Work item
Each line below is to be repeated exactly; any picture is to be left out.

Available data
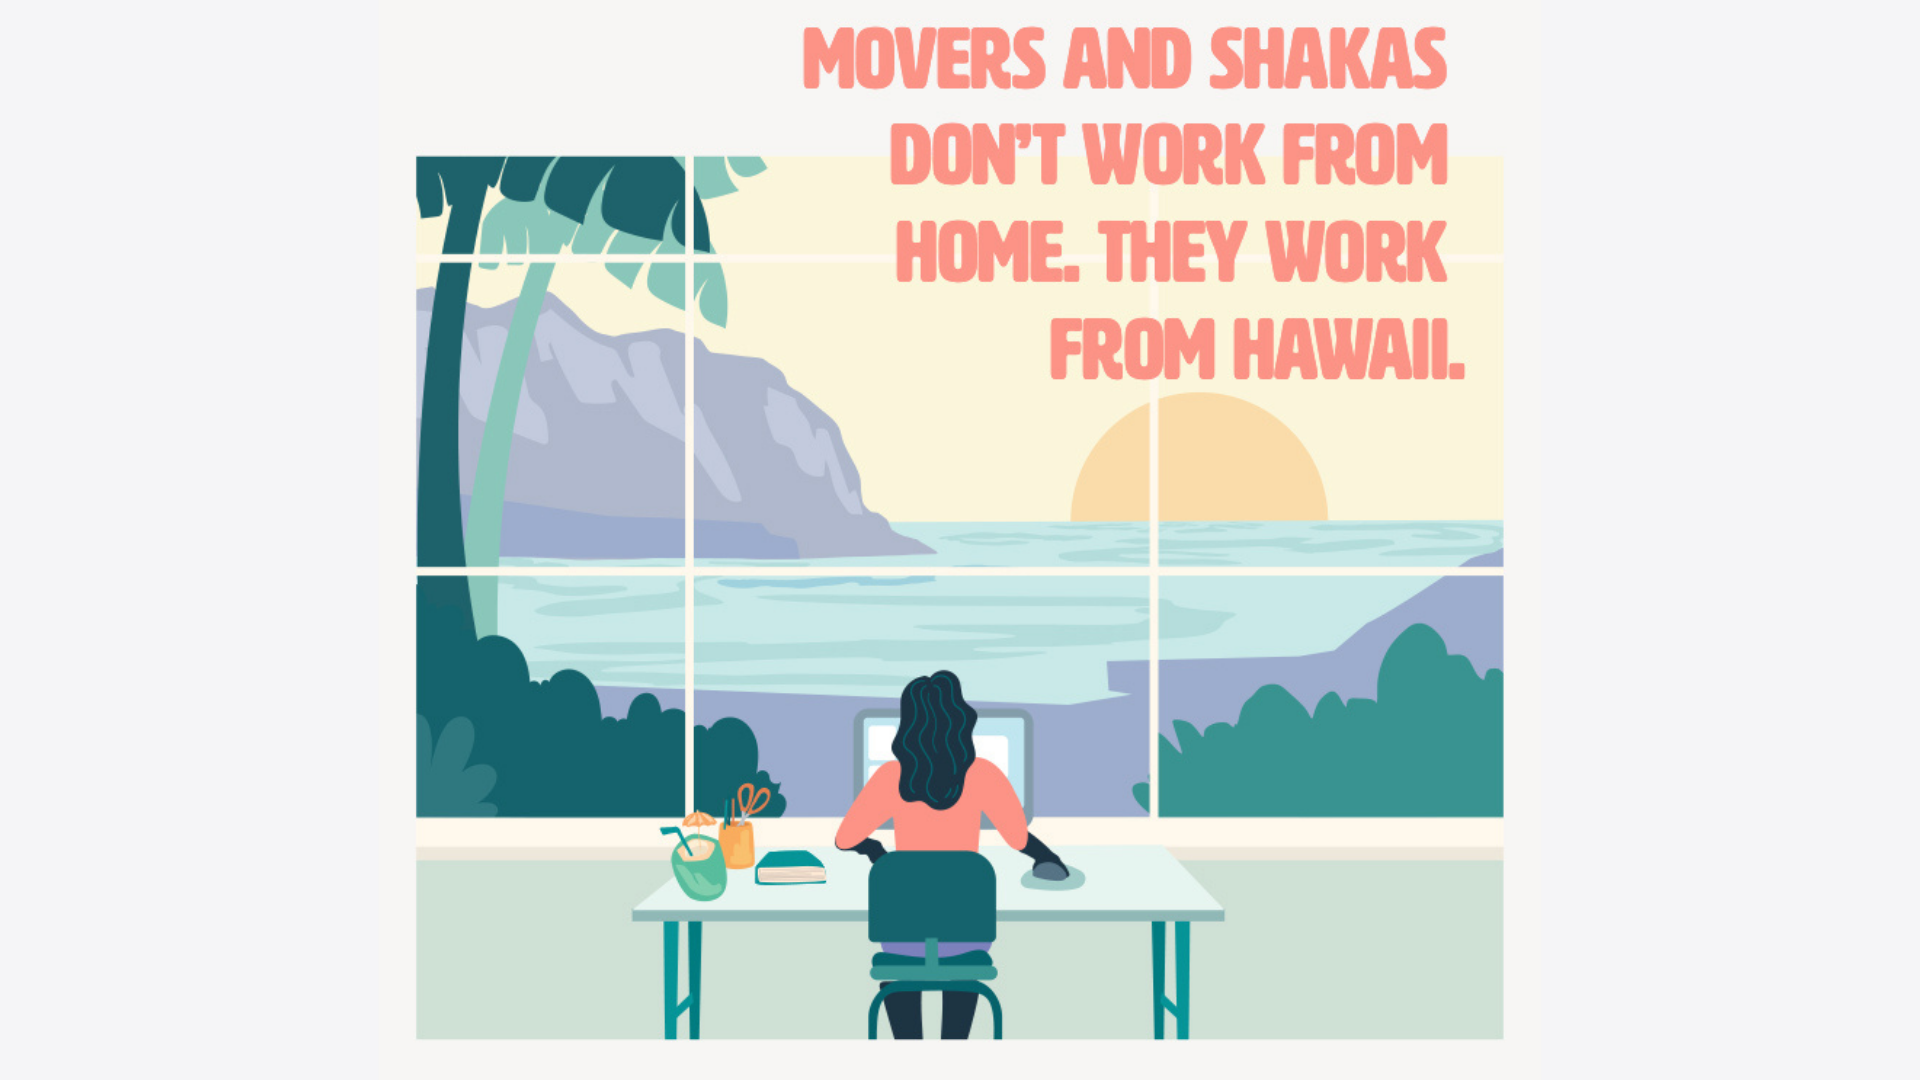 L'iniziativa mira ad aiutare le Hawaii nella sua ripresa economica.
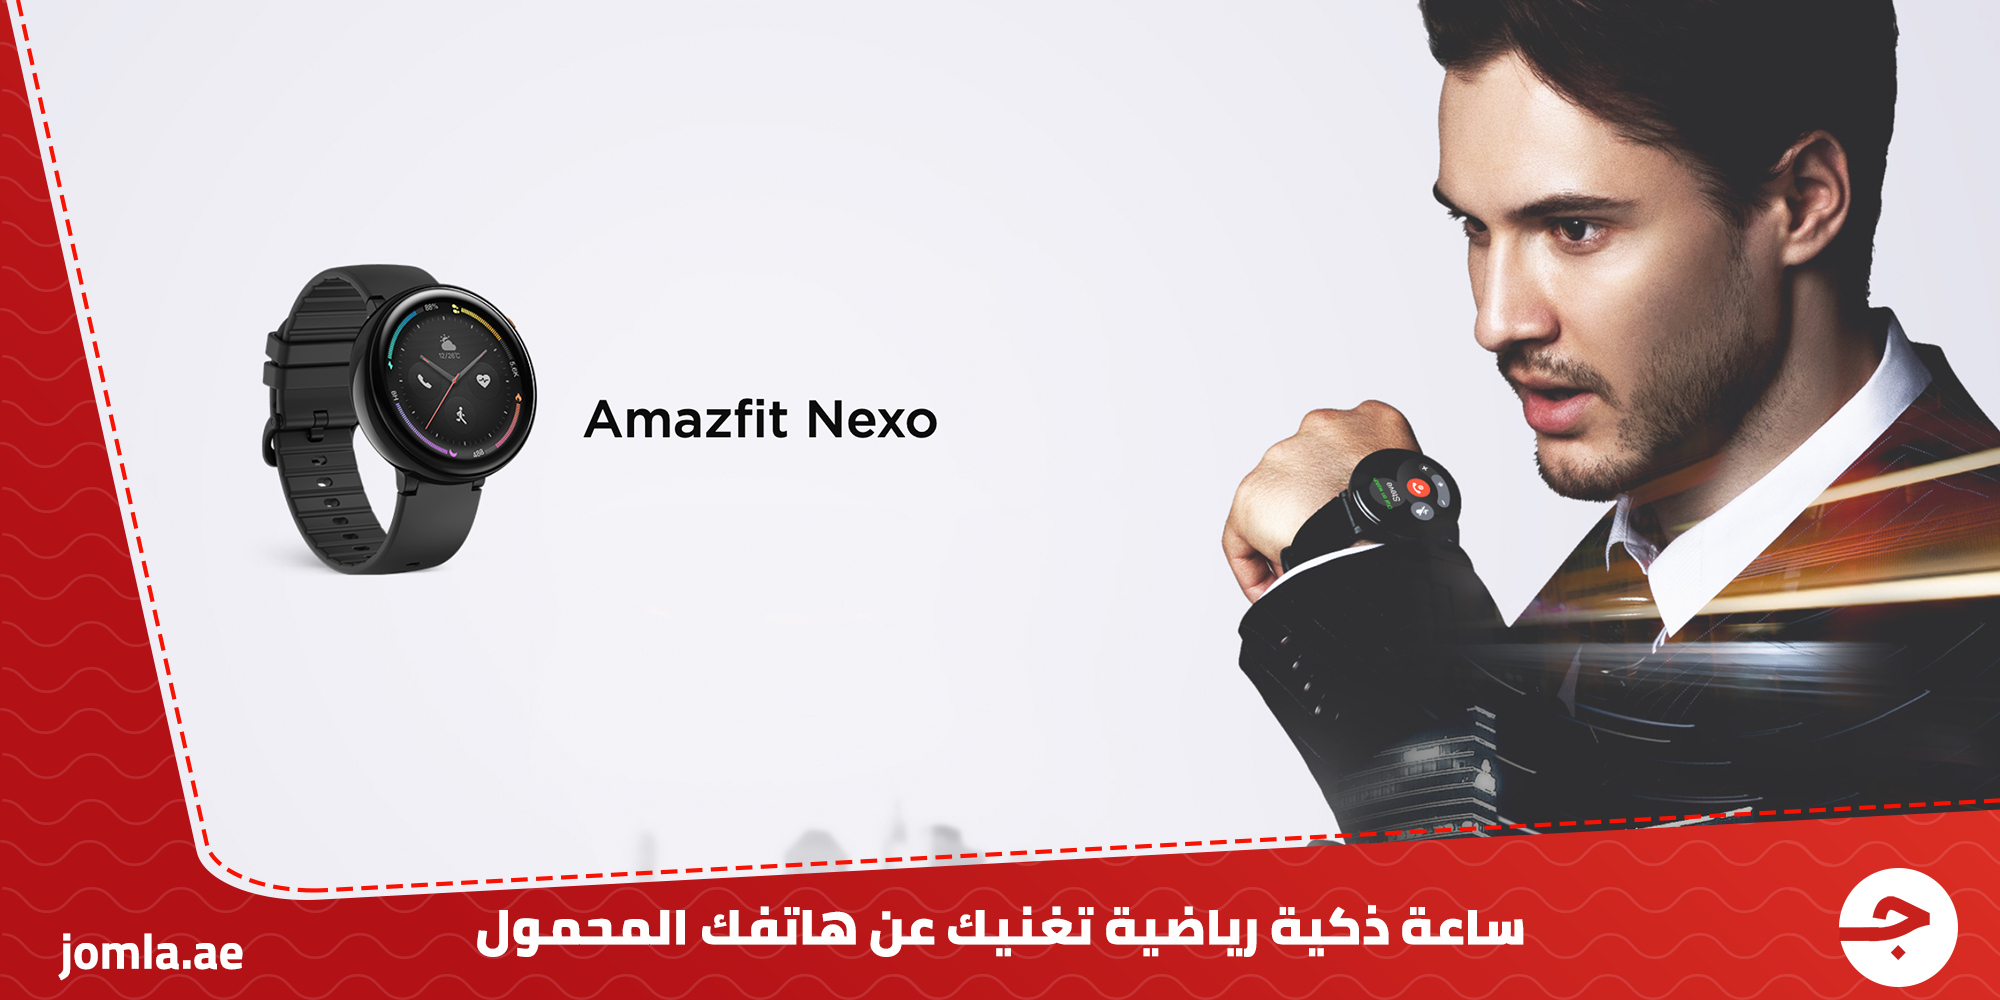 Amazfit Nexo ساعة ذكية رياضية تغنيك عن هاتفك المحمول
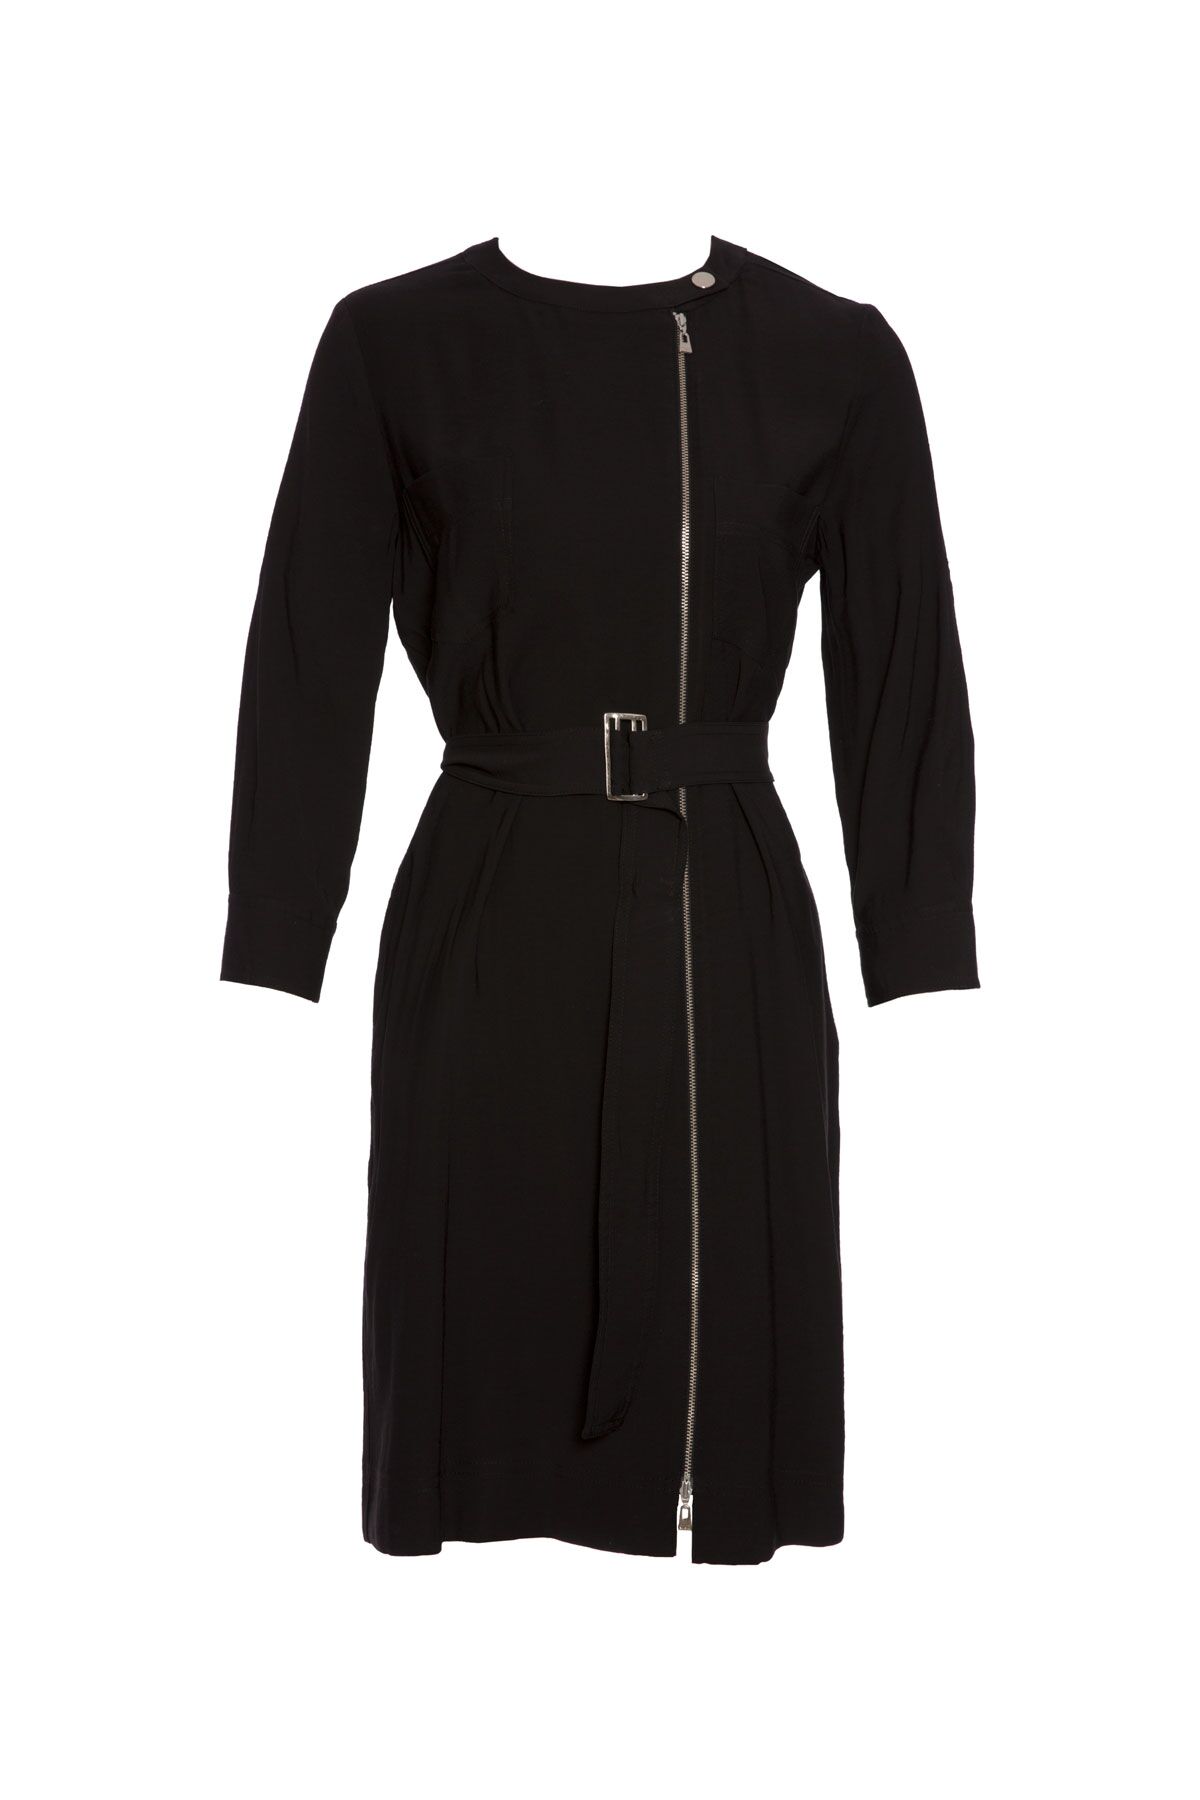 KIWE - Zipper Detailed Two Pocket Belted Black Dress
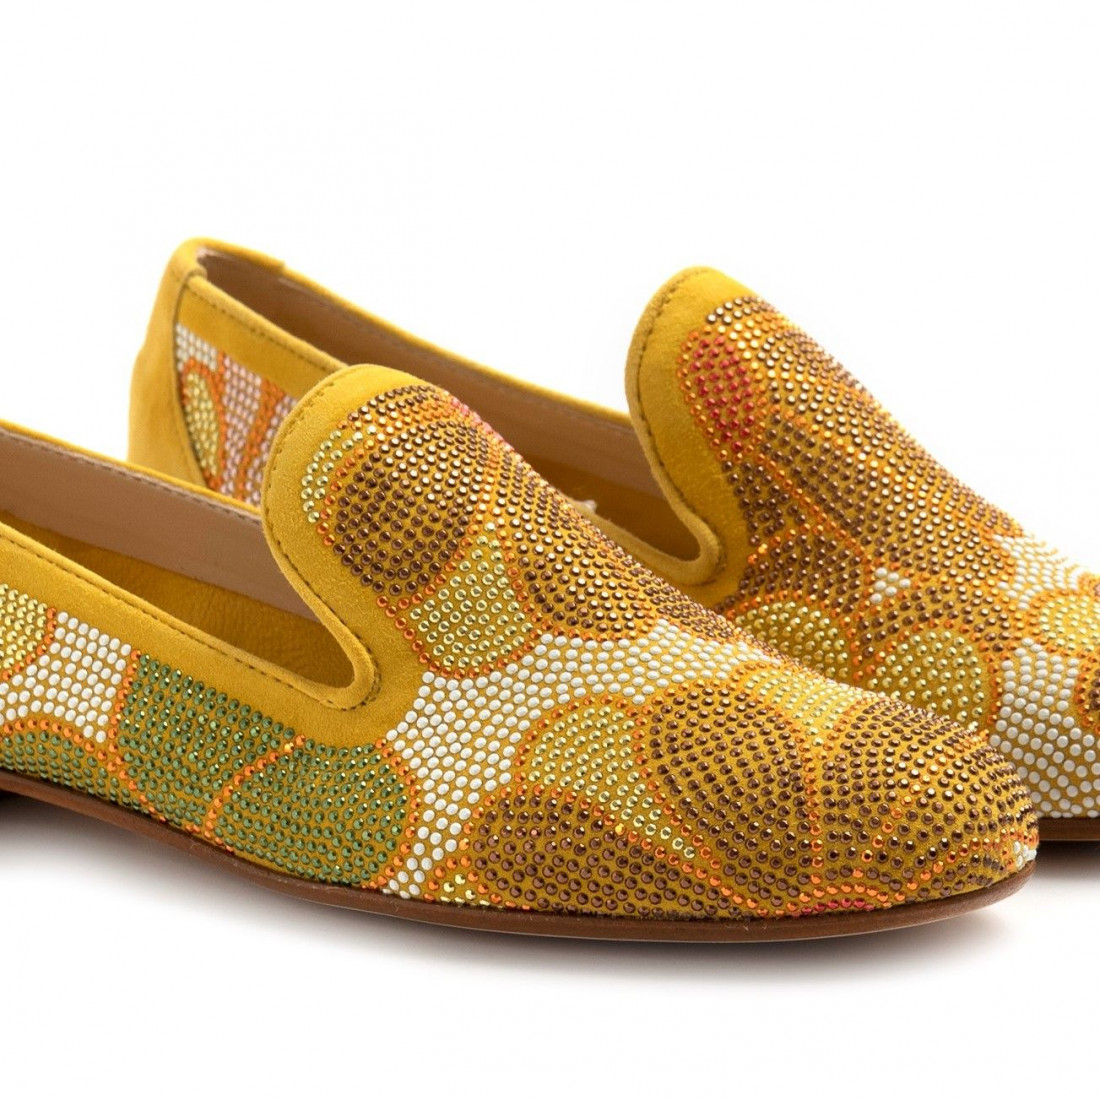 Belle Vie schoen model Via Danesi geel met gekleurde strass steentjes

Answer area
 L'iniziativa mira ad aiutare le Hawaii nella sua ripresa economica.
 Amazfit Nexo ساعة ذكية رياضية تغنيك عن هاتفك المحمول
 KIWE - Zipper Detailed Two Pocket Belted Black Dress
 Belle Vie schoen model Via Danesi geel met gekleurde strass steentjes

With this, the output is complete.